Вот и сейчас после неразборчивого бормотания послышалось вполне членораздельное:
— Ладно уж, пошлю я этот дурацкий запрос… неизвестно, за каким дьяволом. Но смотри, окажется, что зря, в жизни ты больше ничего от меня не получишь. И не обращайся даже. И речи не заводи!
— Не окажется, Андрюшечка, думаю, не окажется. А как долго, приблизительно, ответа ждать?
— Не знаю. Нужно будет созвониться… кое с кем. Там у меня… Ну, не важно. Я тебе потом сообщу.
— Ну вот и чудненько, ну вот и ладненько. Только, Андрюшечка, если уж по-хорошему все делать, то и документальное подтверждение потребуется, правильно? Хоть копию, хоть факсиком переслать… для быстроты…
— Знаешь что?! — окончательно вышел из себя старый друг. — Подтверждение ей… Дай только палец, всю руку готова отхватить. А самих экспертов тебе не пригласить, чтобы из Москвы приехали?
— Но ведь…
— Татьяна, ты меня не доводи. Сказал: узнаю — отзвонюсь. Все! Пока.
— Пока.
Распрощавшись с сердитым Андрюшей, я осталась в полной уверенности, что он сделает все, как надо.
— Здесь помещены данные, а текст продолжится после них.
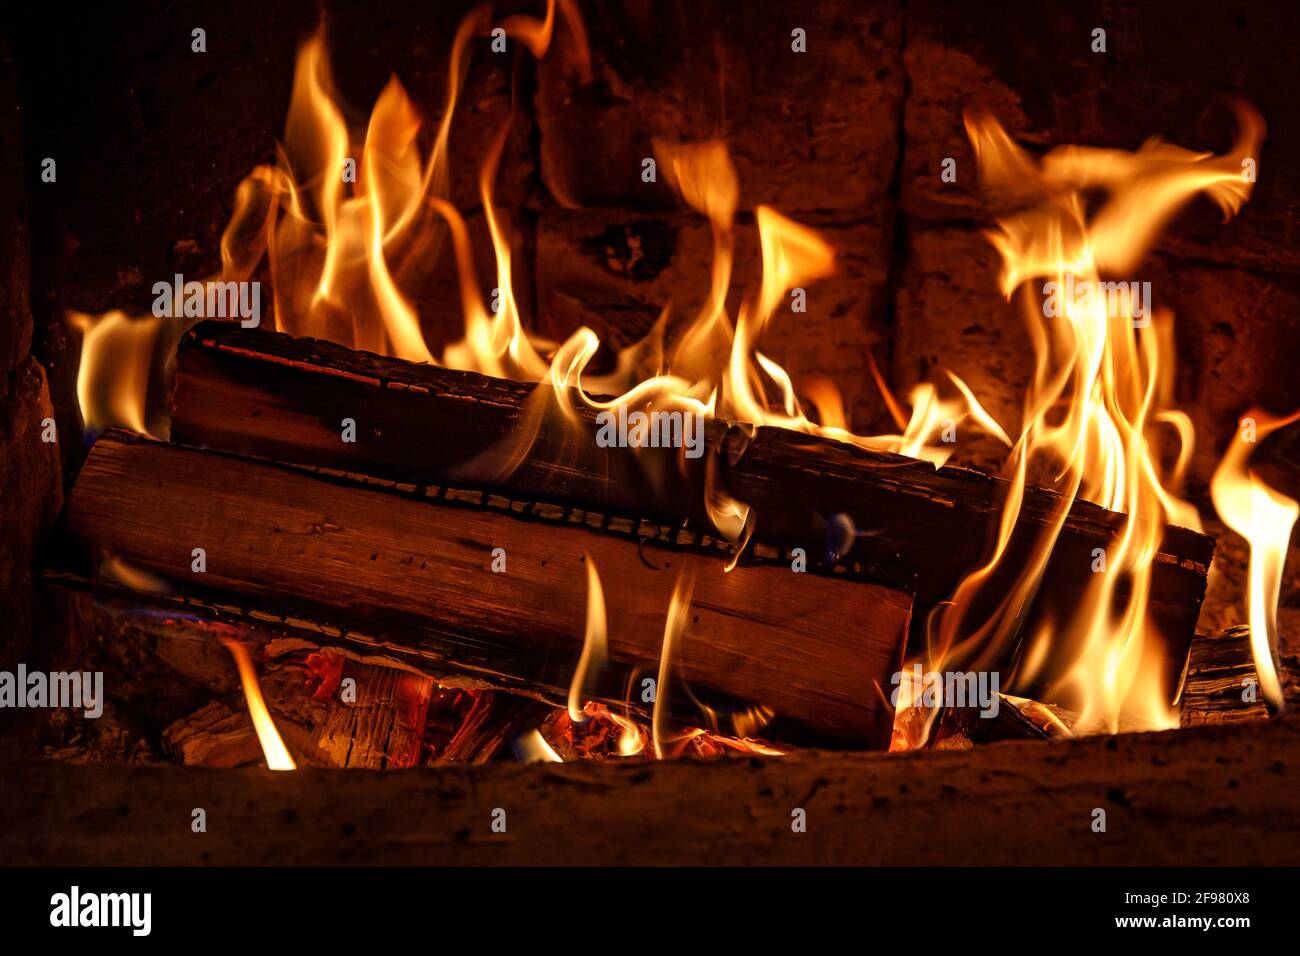 Brennholz in der Kamin-Nahaufnahme, glühende Protokolle, Feuer und Flammen  brennen Stockfotografie - Alamy

И подтверждение добудет, и тянуть не станет. Он ведь тоже давно знал меня и прекрасно понимал, что зря я говорить не буду. Если о чем-то прошу, значит, имею основания.
Но, как бы ни старался Андрюша, все-таки он не волшебник, и в таком деле, как получение информации из другого города, далеко не все зависит от его расторопности. Следовательно, ответ на запрос какое-то время придется ждать, и моя задача состоит в том, чтобы это ожидание прошло с максимальной пользой. Необходимо определиться с дальнейшими действиями.
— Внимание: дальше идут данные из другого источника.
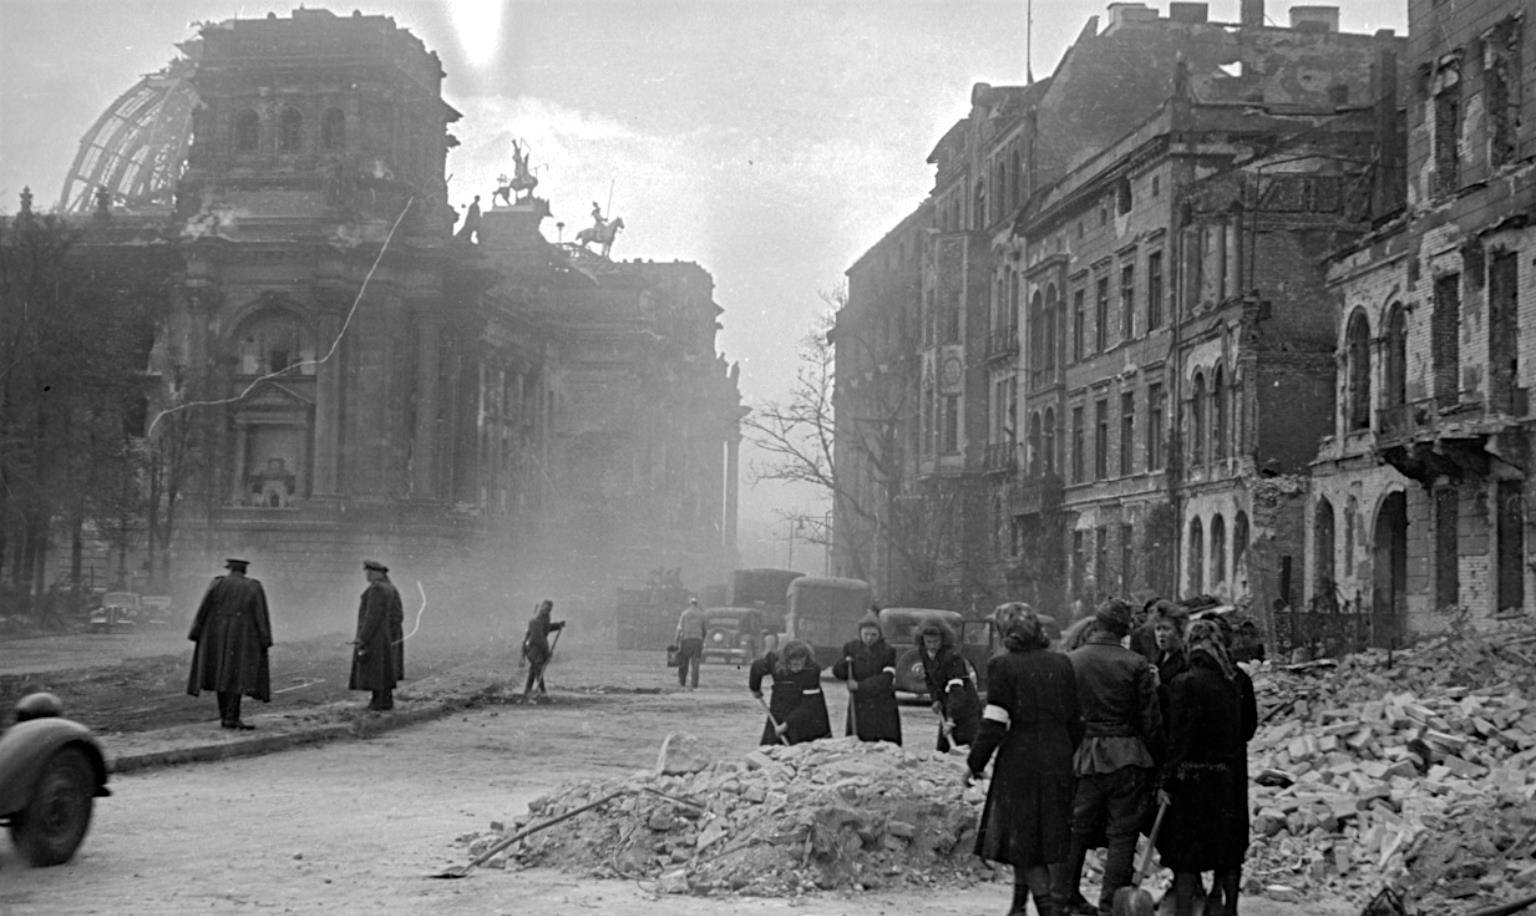 “丘吉尔”德国投降后丘吉尔视察柏林的场景：满目疮痍，丘吉尔摆出胜利手势

Итак, версия с «жучком» лопнула, и на данный момент именно мое расследование, которое до самого последнего момента казалось бессмысленным, приобретает актуальность. Если тот логический ряд, который совсем недавно так стройно нарисовался в моем воображении, и есть наиболее близкий к истине сценарий развития событий, то наибольшей степенью осведомленности об этих событиях обладает не кто иной, как любезнейший господин Шишкин.
Он в то время работал в музее, в его ведении находились украденные картины, он прекрасно осведомлен о краже и о том, что после этого события Шульцман «поправил себе здоровье». С ним-то мне и нужно как можно быстрее побеседовать.
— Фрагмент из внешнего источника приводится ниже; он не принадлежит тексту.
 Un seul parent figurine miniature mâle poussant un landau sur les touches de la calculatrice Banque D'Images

Но понятно, что просто так Шишкин ничего не расскажет. Требовалось определиться, каким образом будет удобнее и результативнее всего надавить на него, благо, в каком направлении давить, мне было уже известно.
Немного поразмыслив и вспомнив во всех подробностях разговор между Шишкиным и его приятелем из конторы Гиля, я решила, что наиболее эффективным будет использование фигуры последнего. Шишкину известно, что Гиля то и дело таскают на допросы. С другой стороны, вряд ли он имеет возможность получать оперативную информацию о том, как идет следствие. Значит, с большой долей вероятности мы можем предположить: тот факт, что основная версия следствия лопнула, ему неизвестен.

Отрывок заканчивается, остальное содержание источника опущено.